This isn't a hypothetical. Every horizontally scaled API faces this immediately. The naive fix — a shared database counter — introduces race conditions that allow limit overruns by a factor equal to your replica count.
The history: Early rate limiters (circa 2008–2012) used MySQL UPDATE counters SET count = count + 1 WHERE count < limit. Under load, this produces deadlocks and incorrect counts due to read-modify-write races. Redis emerged as the canonical solution around 2013, when Salvatore Sanfilippo added the EVAL command allowing atomic Lua execution. This eliminated the race condition entirely for single-node Redis. Cluster mode introduced new distributed consensus challenges that persist today.

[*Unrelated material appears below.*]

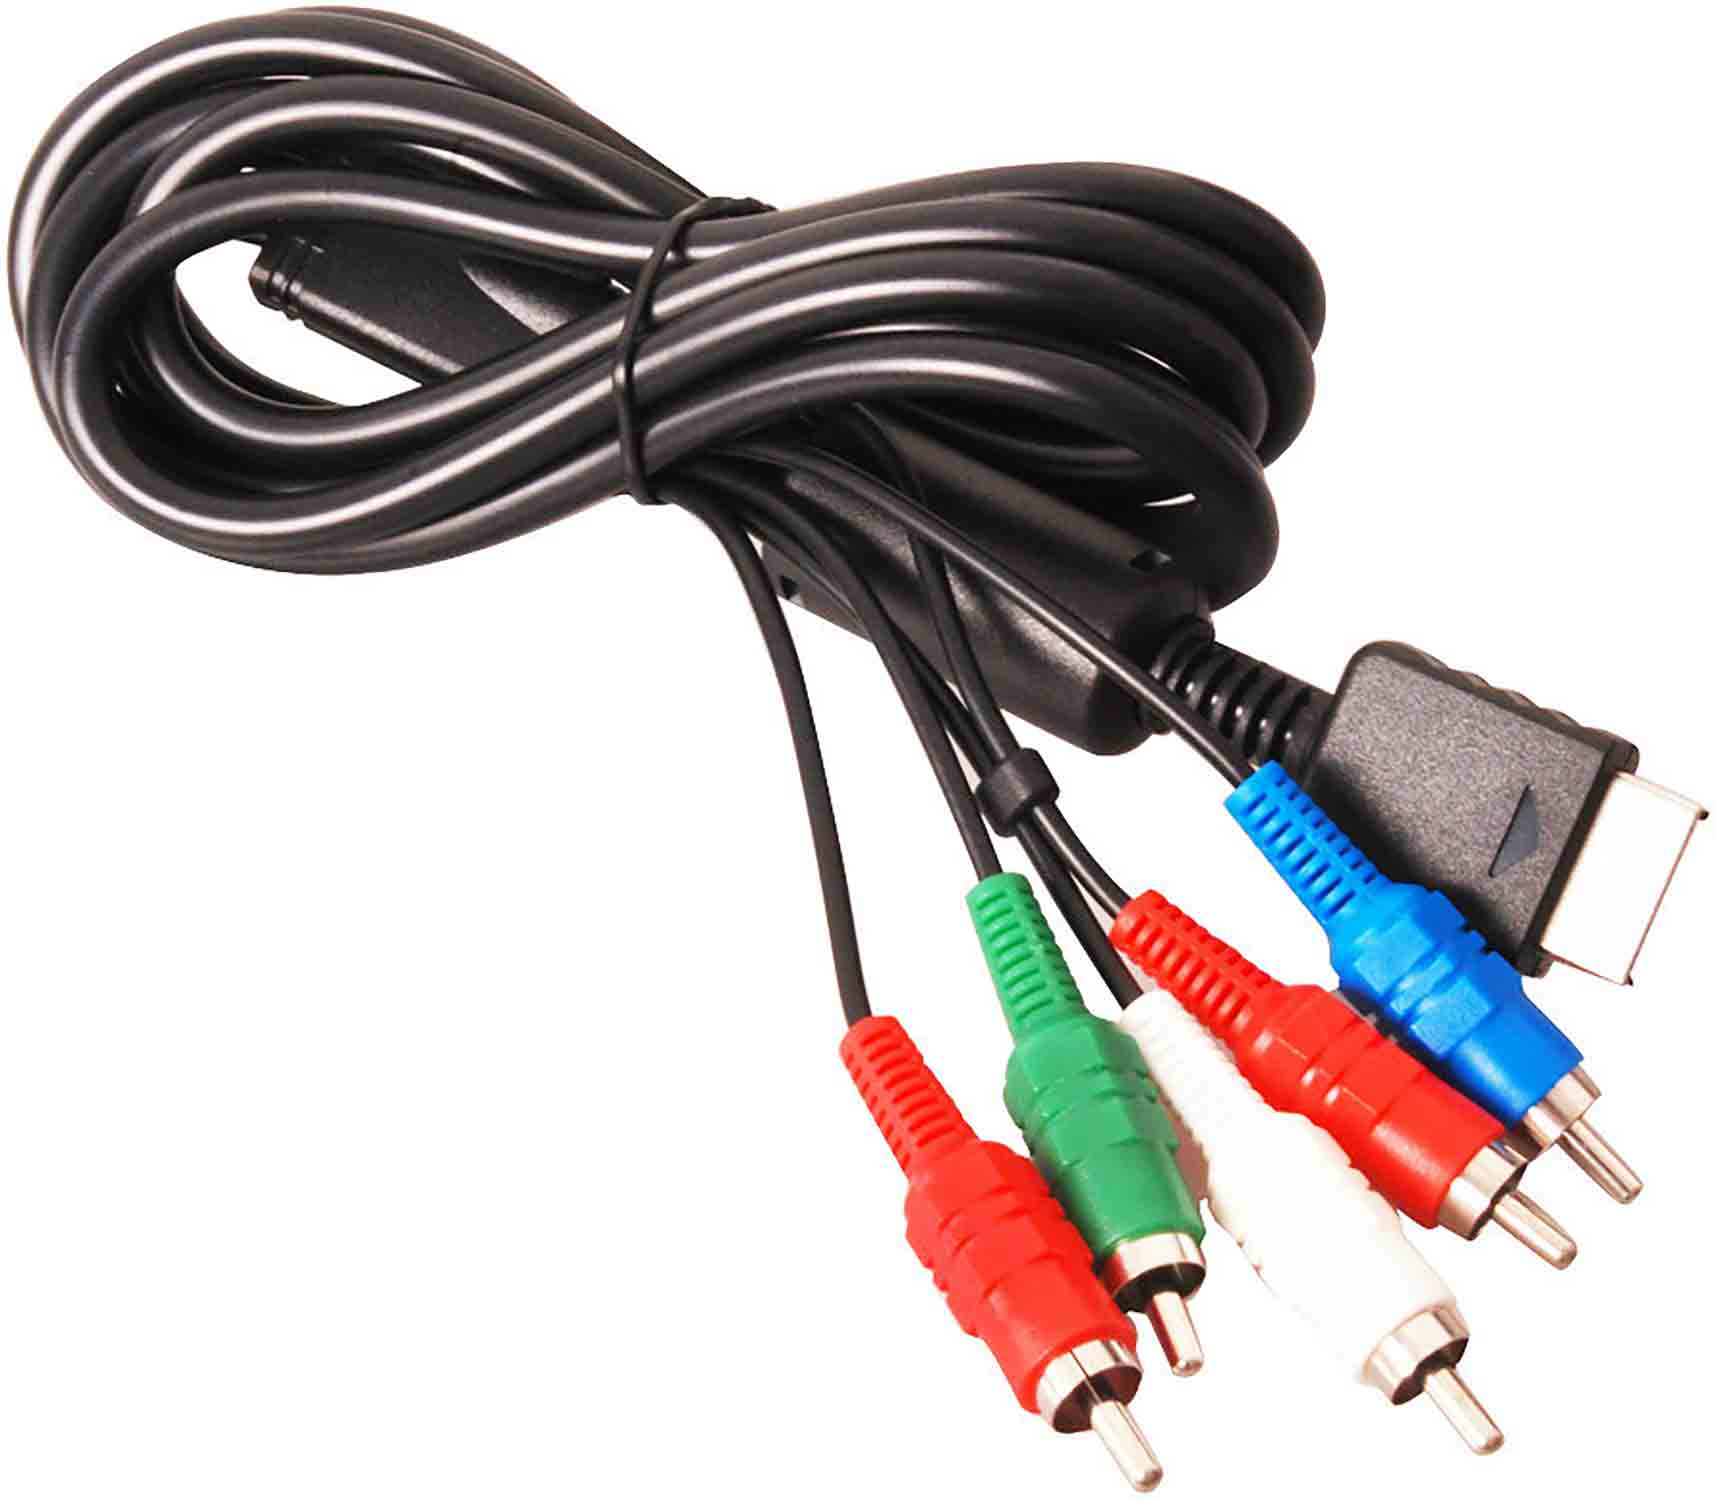 AV kabel pro PS2 a PS3 komponentní cinch příslušenství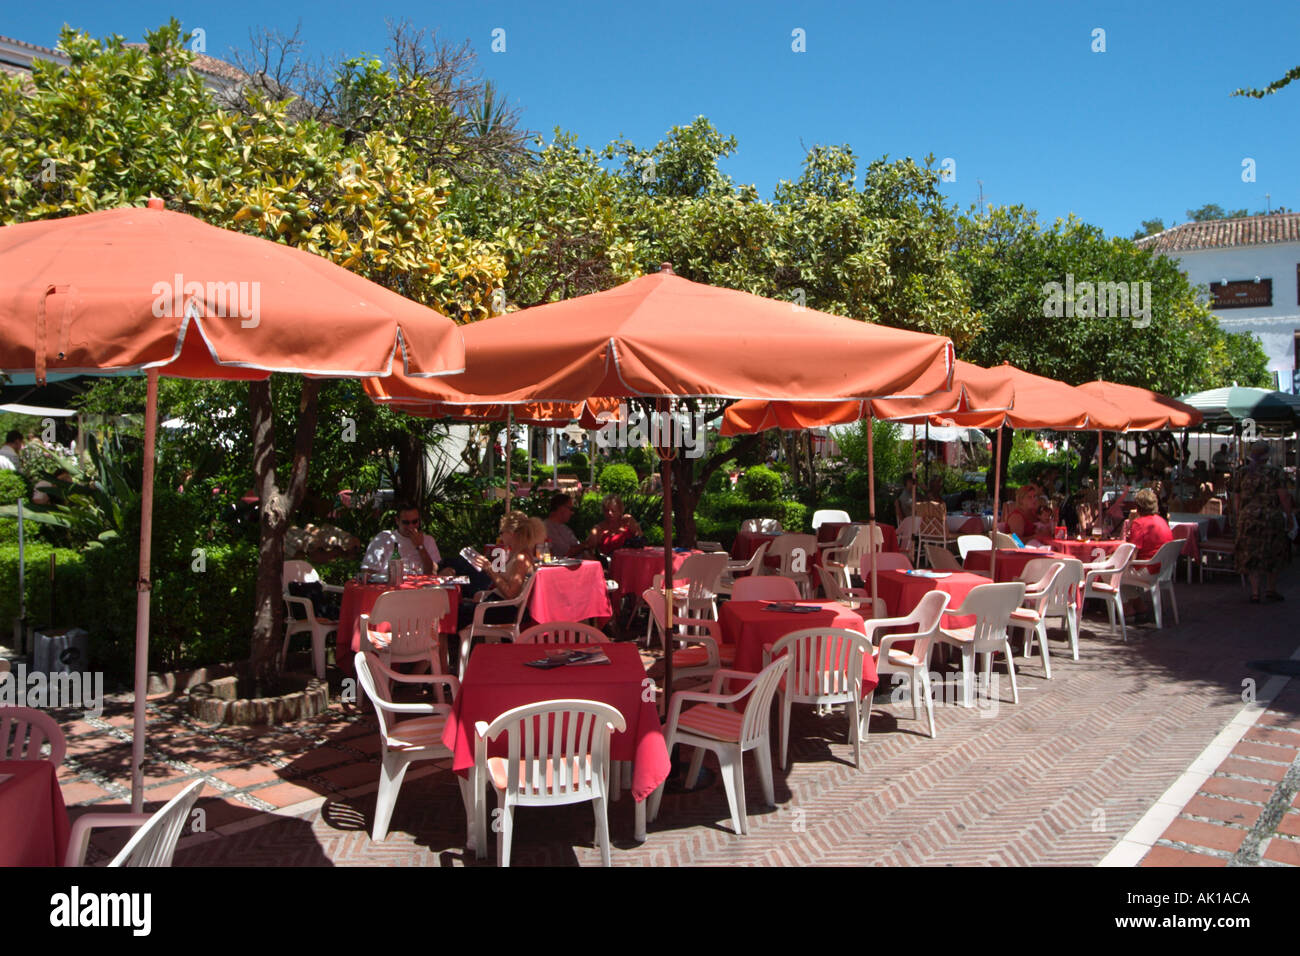 Pavement Cafe nella Plaza de los Naranjos, Casco Antiguo (Città Vecchia), Marbella, Costa del Sol, Andalusia, Spagna Foto Stock

First Principles: Why Race Conditions Occur
The fundamental problem is the check-then-act antipattern:
Thread A: Read counter = 99
Thread B: Read counter = 99
Thread A: 99 < 100? Yes. Increment → write 100. Allow request.
Thread B: 99 < 100? Yes. Increment → write 100. Allow request.Both threads allowed a request when only one should have been permitted. The window between read and write is a TOCTOU (Time of Check to Time of Use) race condition.
In distributed systems, this is compounded:
- Network latency means the write from Server A may not be visible to Server B for milliseconds
- Redis replication is asynchronous by default — a primary can accept writes before replicas confirm
- Redis Cluster shards keys across nodes — atomic operations only work within a single shard
Core Mechanics
The Atomicity Requirement
A correct rate limiter requires read-increment-expire as an atomic unit:
[READ current_count]──[INCREMENT]──[SET TTL if new]
↑ ↑
These must be a single indivisible operationWithout atomicity, the window between steps allows races.
Why INCR + EXPIRE is Still Broken
A common naive implementation:
INCR key # returns new count
EXPIRE key 60 # set 1-minute windowRace condition: Between INCR and EXPIRE, another process can INCR the key. If the first process crashes before EXPIRE, the key lives forever. If a key already has an expiry set, calling EXPIRE resets it — so concurrent requests extend each other's windows.
Lua Scripting: The Correct Solution
Redis EVAL executes Lua scripts atomically. The Redis server is single-threaded for command execution — a Lua script runs to completion without interruption. This is the only way to guarantee atomicity for multi-step operations in Redis.
Implementation
Fixed Window Counter (Lua)
-- fixed_window.lua
-- KEYS[1] = rate limit key (e.g., "rl:user:123:2024010112")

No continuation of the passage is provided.